Claude Compatibility: modified the behaviour so that (i) error template is now a single message with generated json, error and schema (ii) make it so that validated messages are always "Assistant" chatmessage (for next pipeline step) and validation_errors are always "User" chatmessage (for LLM loops)
Recursive Loop in type conversion: used Claude OPUS to automatically generate a fix based on the written issue.

How did you test it?

Tested on my personal use-case and it solved my issues.

Notes for the reviewer

The behaviour is modified to only include the last messages from the conversation and not the whole history of messages (less cost for long pipeline loops, not necessary to have previous messages).

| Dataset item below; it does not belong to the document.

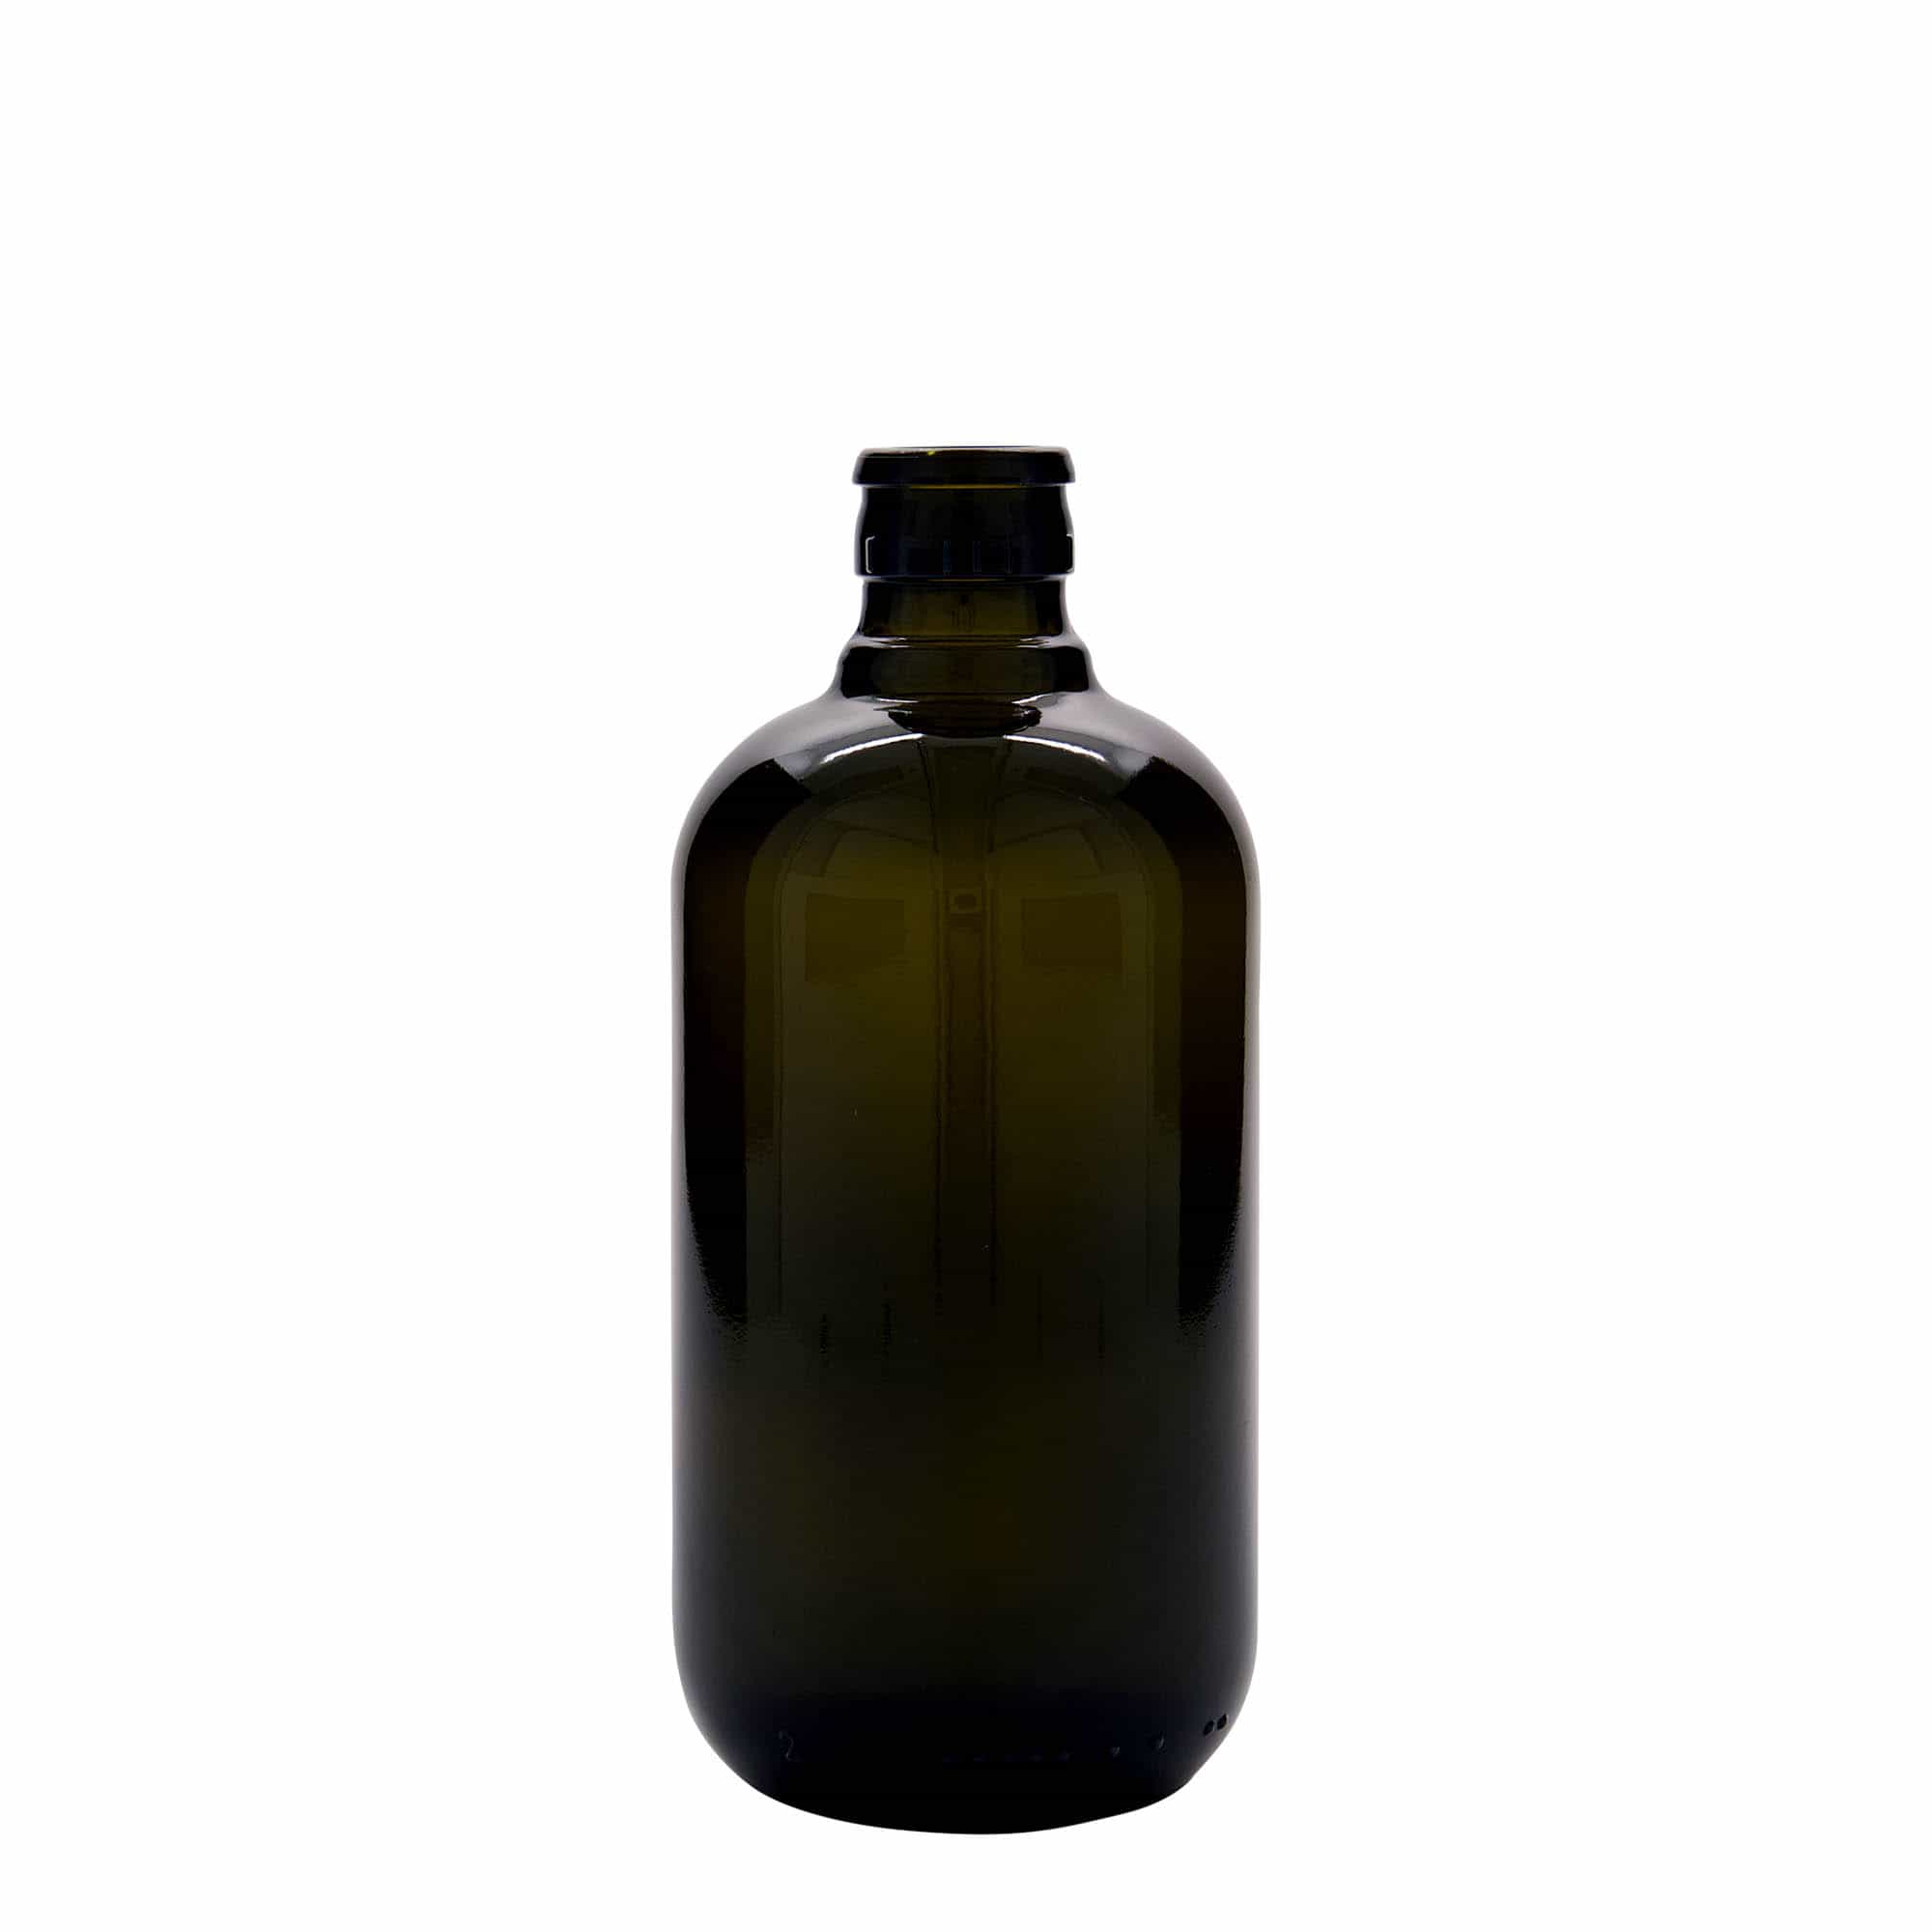 500 ml etikka-/öljypullo 'Biolio', lasi antiikinvihreä, suu: DOP

For the auto-generated fix for recursive, maybe the bug comes from the fact that sometimes json.loads(value) output a string and needs to be called twice to get the actual dict/list in the string. This is weird, but I've seen it happen. I'm not sure about the fundamental difference to be honest. Maybe it doesn't work for nested json.

Checklist

I have read the contributors guidelines and the code of conduct
I have updated the related issue with new insights and changes
I added unit tests and updated the docstrings
I've used one of the conventional commit types for my PR title: fix:, feat:, build:, chore:, ci:, docs:, style:, refactor:, perf:, test:.
I documented my code
I ran pre-commit hooks and fixed any issue

…ted by ClaudeOpus). Modify the behaviour to build the error template in a single user_message instead of two separate. Modify the behaviour to only include latest message instead of full history (very costly if long looping pipeline)

vblagoje · 2024-04-22T07:30:41Z

Looks good @lambda-science , would you please add a short reno note (see https://github.com/deepset-ai/haystack/blob/main/CONTRIBUTING.md) and resolve these black issues :-)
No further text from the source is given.